Losses to the Belarus economy already $500mn, protests cut Minsk off from capital markets with $3bn to finance this year

Losses to the Belarus economy already $500mn, protests cut Minsk off from capital markets with $3bn to finance this year
Minks needs to repay c$3bn of debt this year but only has $8bn in reserves, or 2.5 months of import cover. Already in debt to Russia for $8bn, Belarus is now almost completely reliant on Moscow for funding.
By Ben Aris in Berlin August 21, 2020

The nationwide protests and general strike have already cost the struggling Belarusian economy $500mn and could plunge the country into a major economic crisis, say experts. The protests have in effect cut Minsk off from the international capital markets and it will have to come up with $3bn from somewhere to finance its international obligations this year.

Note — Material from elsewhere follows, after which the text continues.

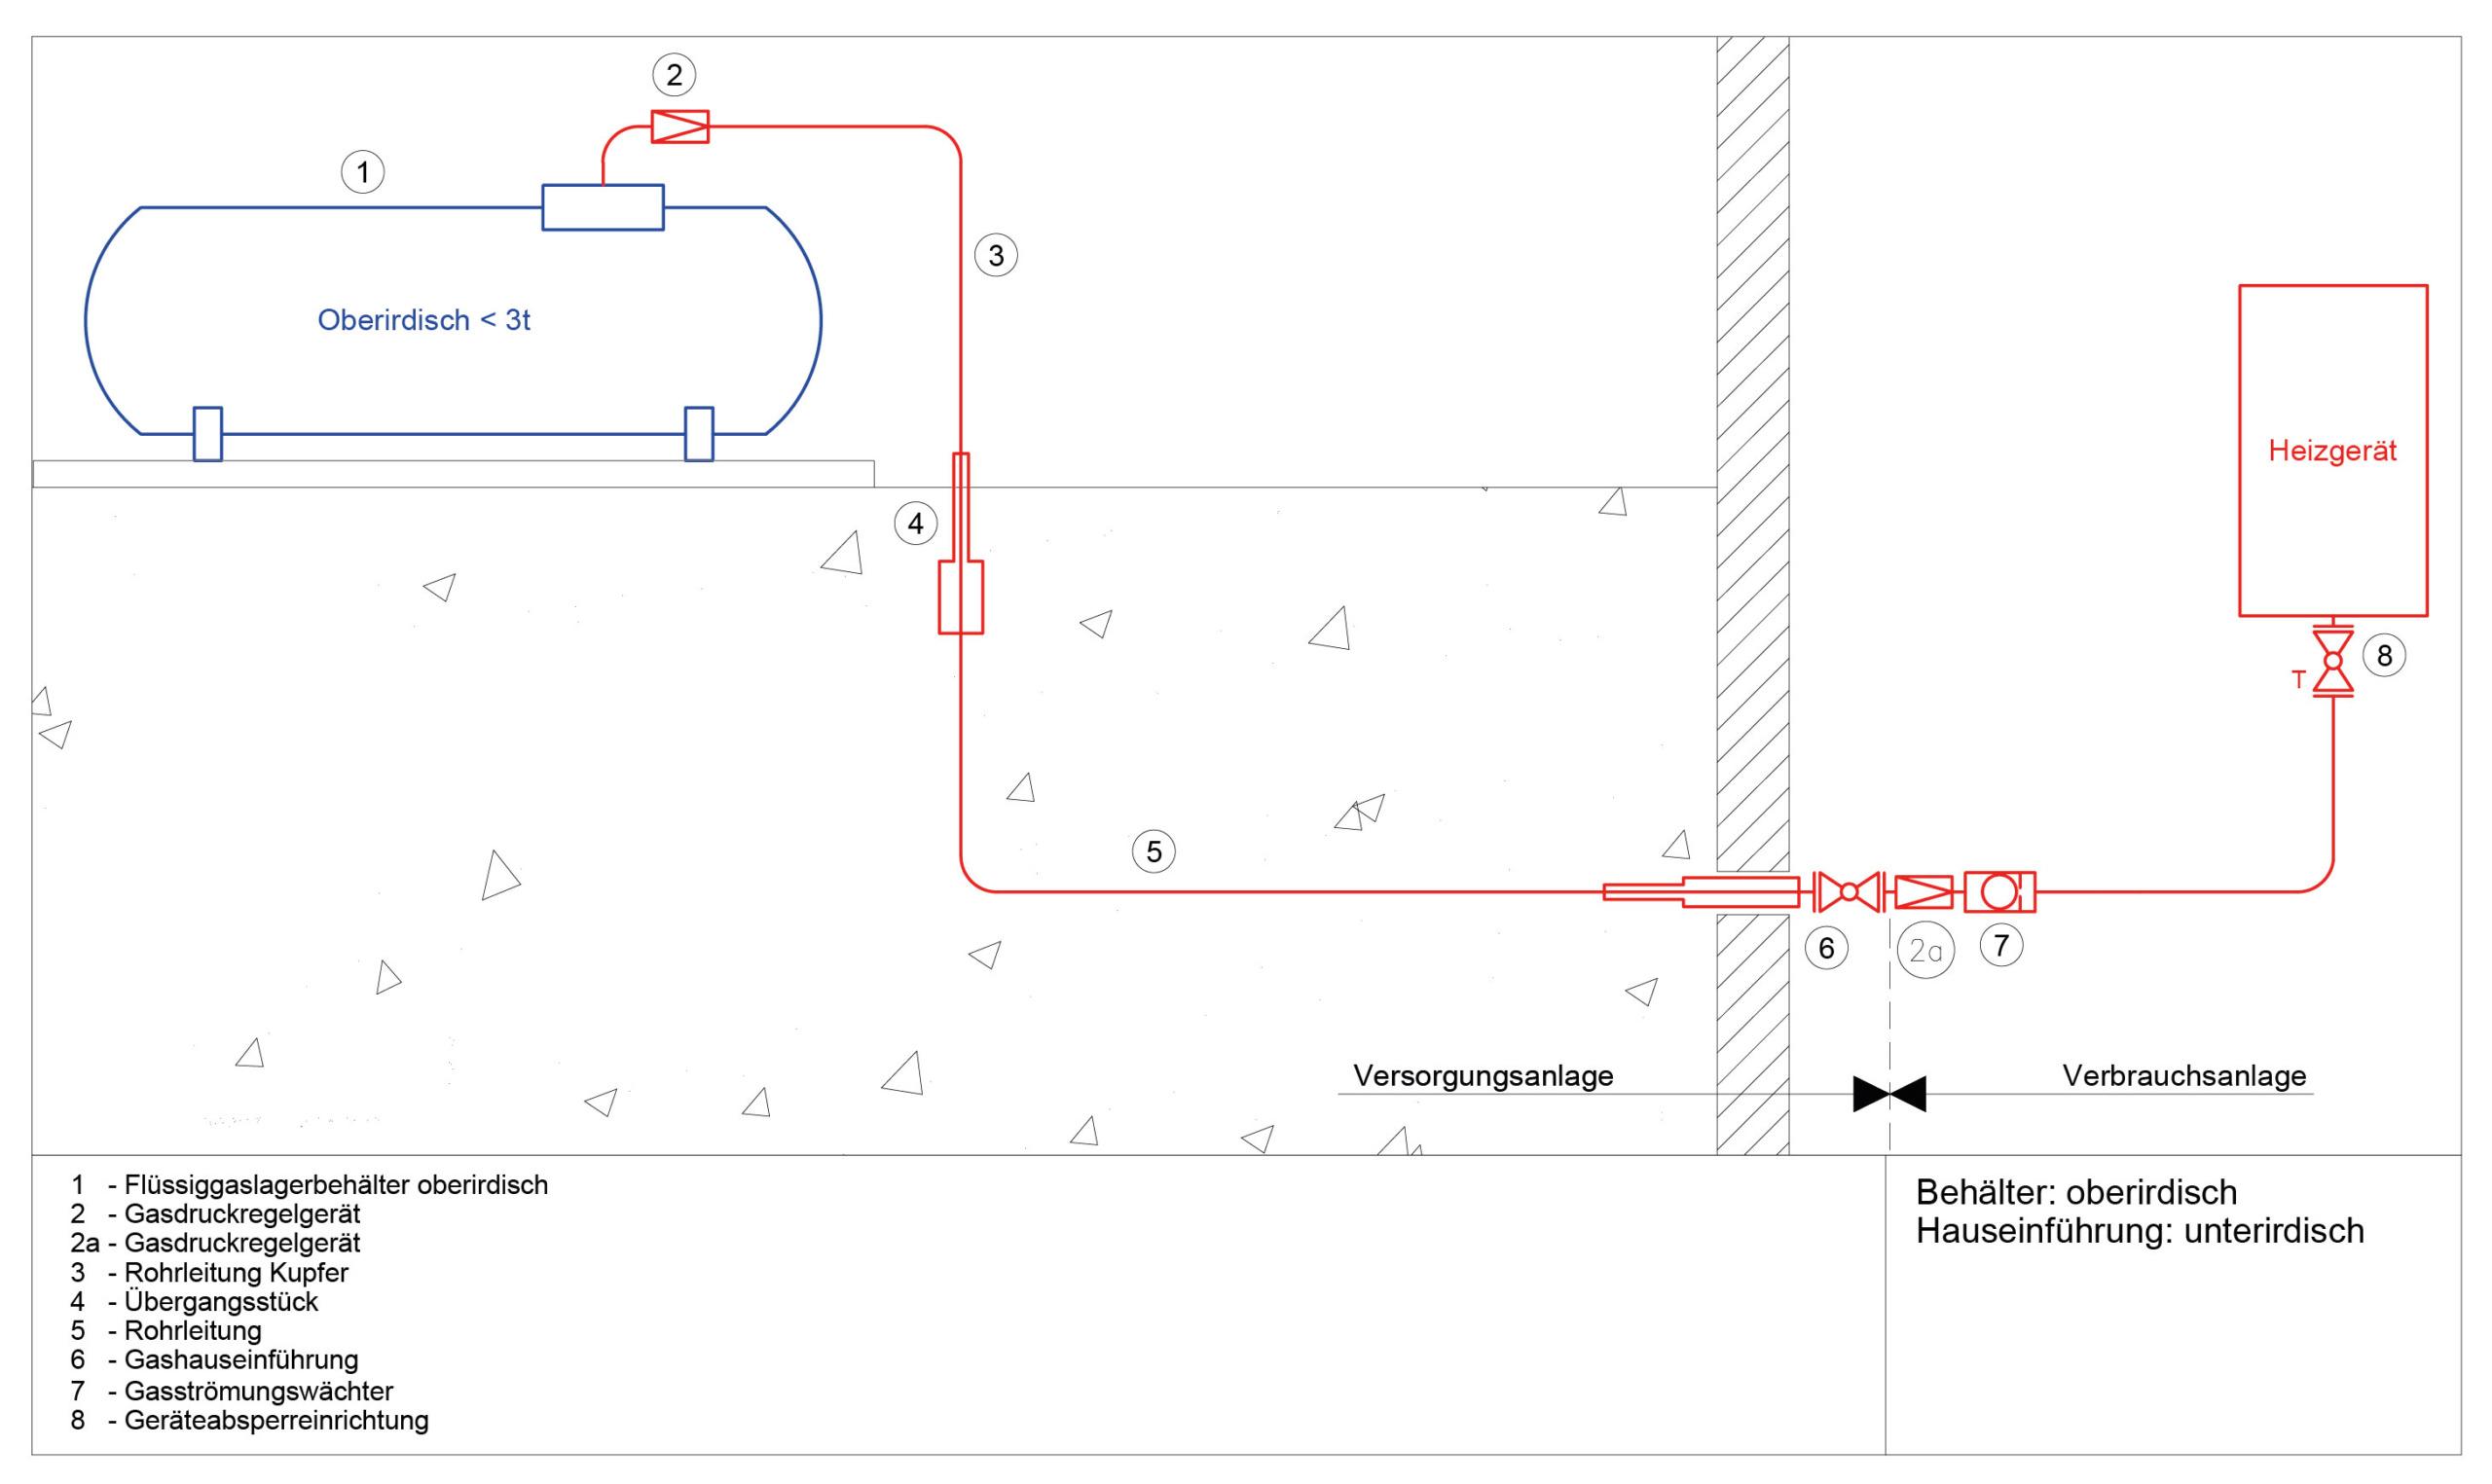 Schematische Darstellung: Flüssiggasanlage mit oberirdischem Flüssiggas-Tank, Rohrleitungen, Hauseinführung, Gasströmungswächter, Geräteabsperreinrichtung und Heizgerät.

The bill from the economic dislocation caused by popular uprisings is always steep. Ukraine’s Euromaidan revolution in 2014 caused an economic collapse that saw the economy shrink by 17% in the first quarter of 2015 and Belarus is looking at similar pain unless a peaceful resolution can be found soon.

Just turning off the internet at the start of the protests following the rigged August 9 election cost the country over $50mn a day, say industry participants. The general strikes are significantly more expensive.

"Losses from protests are not those 500,000 Belarusian rubles that were spent on restoring flower beds and lawns. The current damage has already amounted to at least $500mn. The delayed [damage] is estimated in billions. The foundations of the foreign lending system created over the years have been violated, the country's investment attractiveness has suffered, sanctions are being discussed," Belarusian presidential aide Valery Belsky said in an interview with the official BelTA news agency.

Belsky added that the contraction of the Belarusian economy could amount to 25% if the country were to withdraw from its Union State deal with Russia, signed by Belarus' self-appointed President Alexander Lukashenko in 1999 that creates a sort of Eurozone with its eastern neighbour. 

“The predictable outcome is the loss of positions on the Russian market and the immediate transition to global oil and gas prices. Considering that co-operation with Russia forms over 50% of GDP, approximately half of this amount should be immediately written off from our balance sheet," Belsky said, clearly exaggerating the risks, but highlighting the very real danger of the loss of business if relations with Russia sour as a result of the political crisis.

Bankers concur that the showdown is going to cost the country dearly, but probably not lead to as much as a 25% contraction in GDP.

“The political situation in Belarus will likely bring headwinds to the $60bn economy. The ongoing strikes at the country’s largest factories, which generated more than $10bn in revenues, $7bn in export proceeds and 12% of total budget revenues in 2019, on our estimates, could affect economic growth, the budget and external stability. Belarusian authorities already estimate the loss from the ongoing unrest at $500mn, which could lead to the outlook for the country’s GDP – which the IMF and rating agencies already see as contracting 5-6% y/y this year – being cut by another 1pp or even more,” Artem Zaigrin, chief economist at Sova Capital brokerage headquartered in London, told bne IntelliNews.

Belarus’ economic growth has already slowed to 1.6% in the first half of this year and the country will almost certainly go into recession in the second half, although the economy was expected to bounce back to 2.2% growth next year.

And Russia’s role will be key for the country’s prospects. The opposition are well aware of this and have been very clear that they intend to continue close co-operation with Russia in a post-Lukashenko government.

“The crucial aspect of Belarus’ economic outlook is the direction of trade,” Zaigrin said. “According to Belstat, Russia accounted for more than 40% of the country’s $32bn exports in 2019. Belarus’ exports to Russia are heavily geared towards agriculture (>30%), vehicles, chemicals, machinery and equipment.”

Changes in how the two countries co-operate in the aftermath of the political turmoil could also affect Belarus’ funding. As Belarus has no IMF deal, nor does it co-operate with any of the other international financial institutions (IFIs) in any meaningful way, it is almost entirely dependent on Russia and the international capital markets for sovereign funding.

The Russian government and the Russia-led Eurasian Fund for Stabilisation and Development (EFSD) are the main sources of sovereign credit for Minsk and they will be needed this year to finance Belarus’ debt obligations.

According to Belarus’ finance ministry, the public sector is due to repay $2.5bn-3bn of external debt every year for the next five years, while the outstanding debt to Russia stands at $8bn.

“Continued and uninterrupted access to international debt markets is critical for Belarus given that the country only has $8bn of reserves, or 2.5 months of imports. The inability to meet external obligations would not be resolved without a significant adjustment in the exchange rate,” says Zaigrin.

The protests have already effectively cut Belarus off from tapping the international market for more funds until the current political crisis is resolved. Sova Capital is recommending clients to avoid the sovereign Eurobonds until there is more clarity, and the prices of the bonds have fallen, although not dramatically so far. But that means Minsk will be almost entirely dependent on Moscow to fund the $3bn of debt repayments this year.